# Anxiety Disorders > Post-Traumatic Stress Disorder (PTSD) >  >  Army soldier with ptsd suggestion help?

## Brian

I was deployed and was constantly harrased by my leaders. Im a private so no matter what i did to get help, they will say is my word against them. I was evacuated because i had DVT and Pulmonary Embolism. And now that im back to the states and getting the proper medical treatment, they are trying to chapter me out with a fake Â¨depresion disorderÂ¨ which i do not have.
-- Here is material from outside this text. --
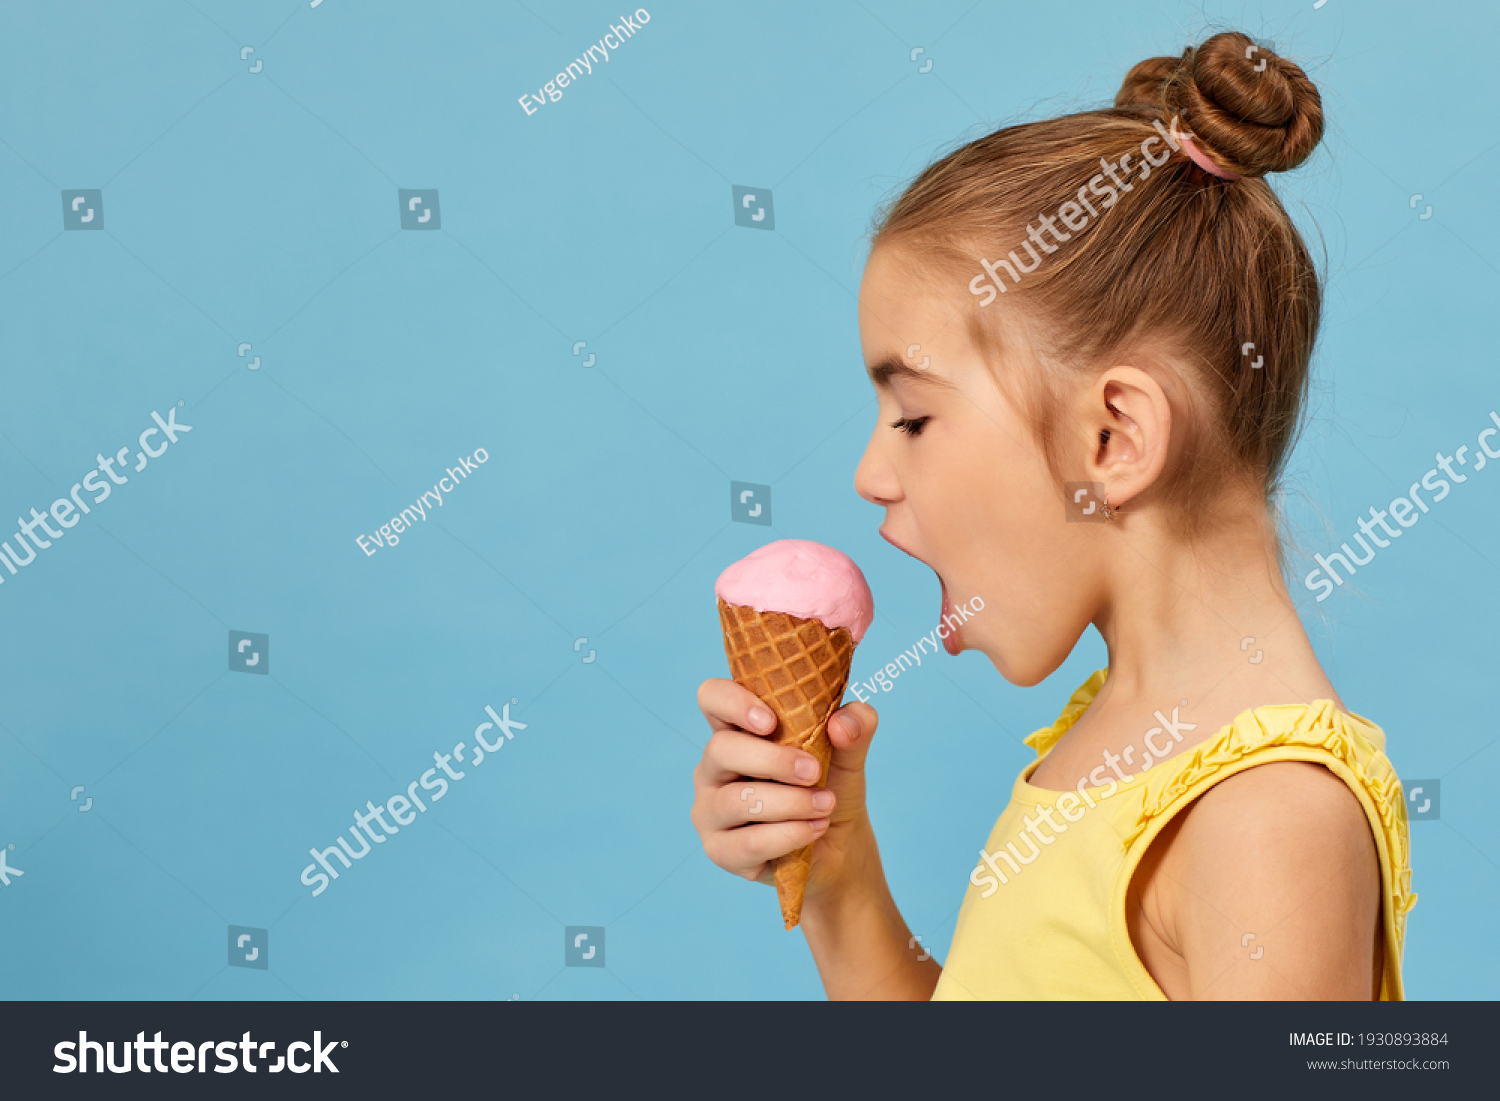 Полизать маленькой девочке. Маленькая девочка ест мороженое. Маленькая девочка и мороженое. Маленькая девочка облизывает мороженое. Ребенок с мороженым.
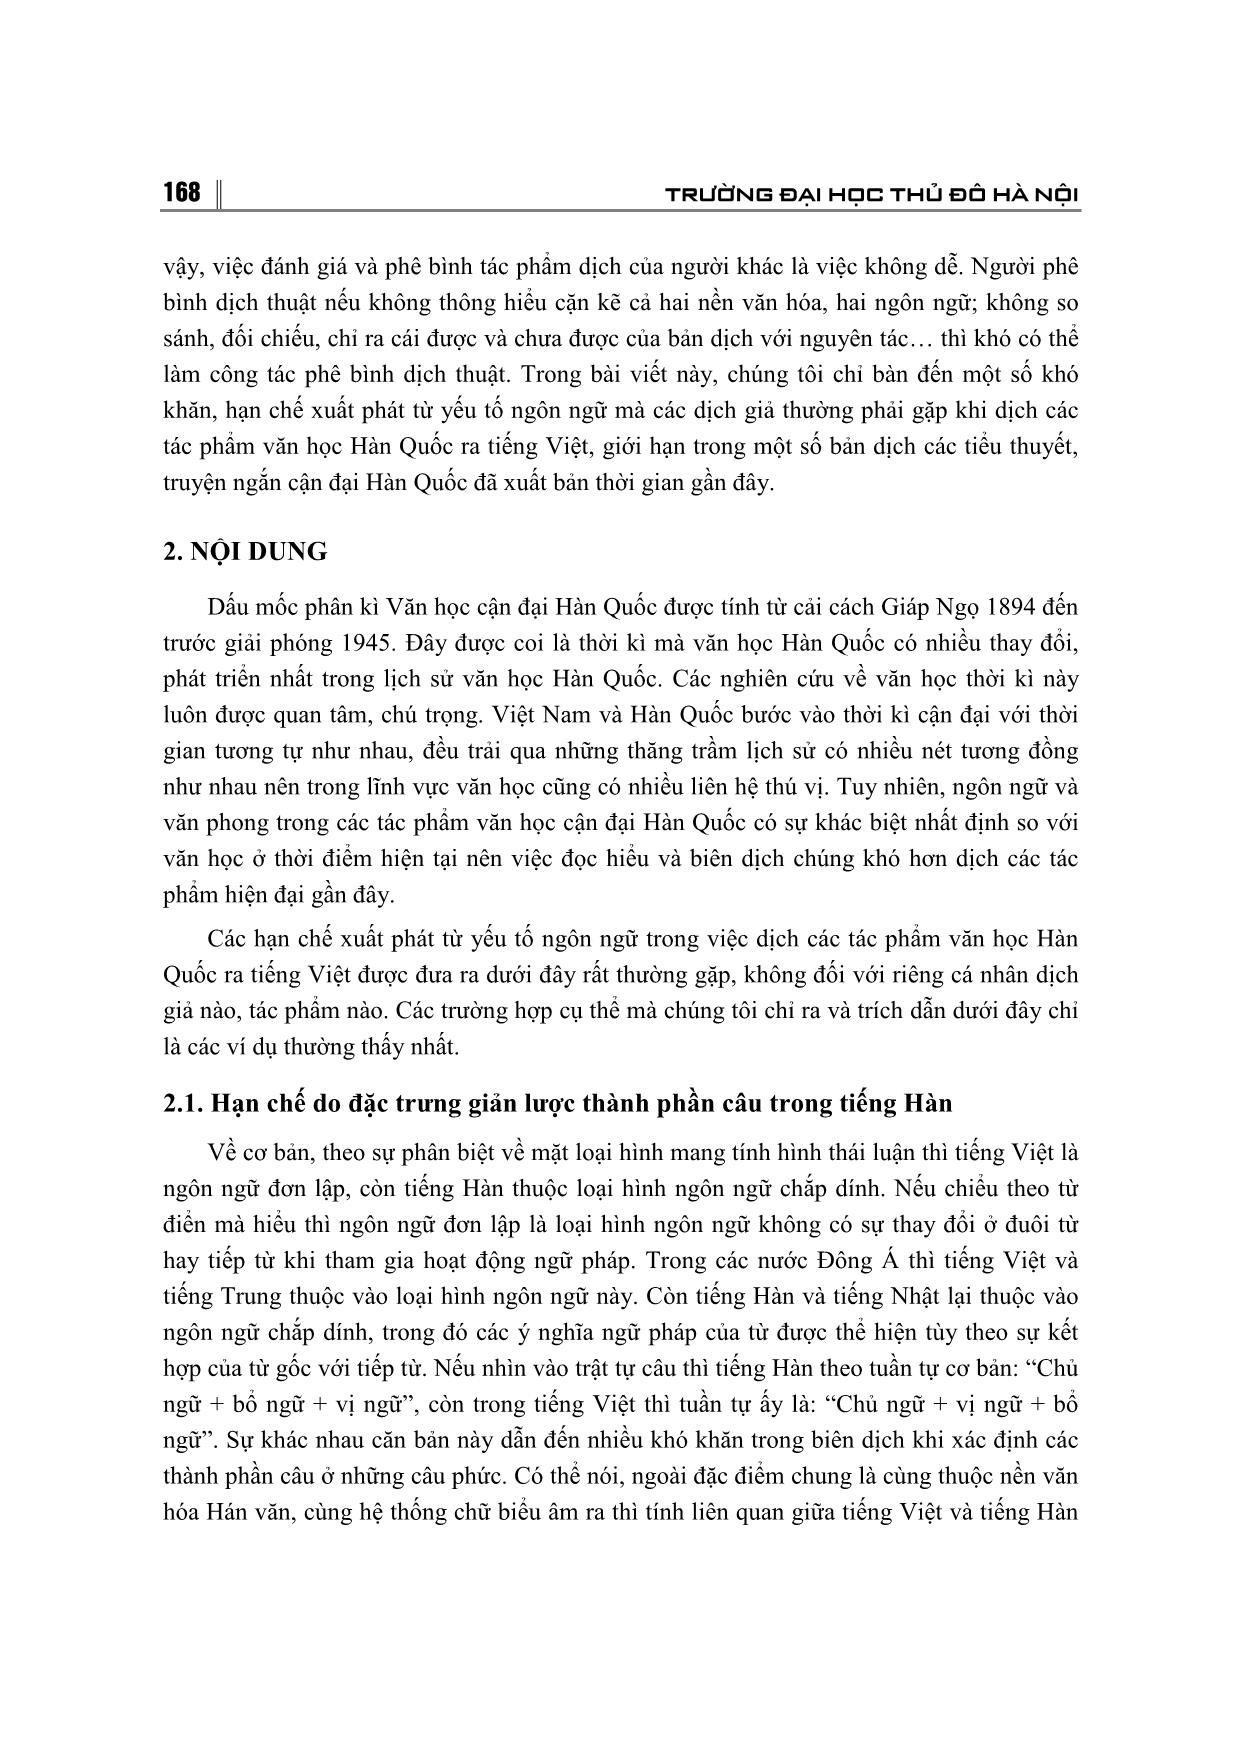 Một số hạn chế phát sinh từ yếu tố ngôn ngữ khi dịch tác phẩm văn học Hàn Quốc sang Tiếng Việt trang 2

I might have PTSD, for i feel so much anger and occasionally have nightmares of when i was back at war. However, no one is giving me the psychological treatment i need. I just know the my current leaders want me out, so i dont know if JAG is my only option? Please any real help!

----------


## Otherside

Can you afford to get help for it elsewhere? I don't know so much about in the US, but I know there's charities and groups over here that are specifically for helping soilders with PTSD.

----------


## tuffsteel100

Try requesting mast. That is your right when you have a grievance with your chain of command. 
Sounds like your suffering from PTSD which are treatable.

----------


## Misssy

Hi Brian, 

I wish I had an idea of what to say but since I wasn't in the military I don't know the system that well. 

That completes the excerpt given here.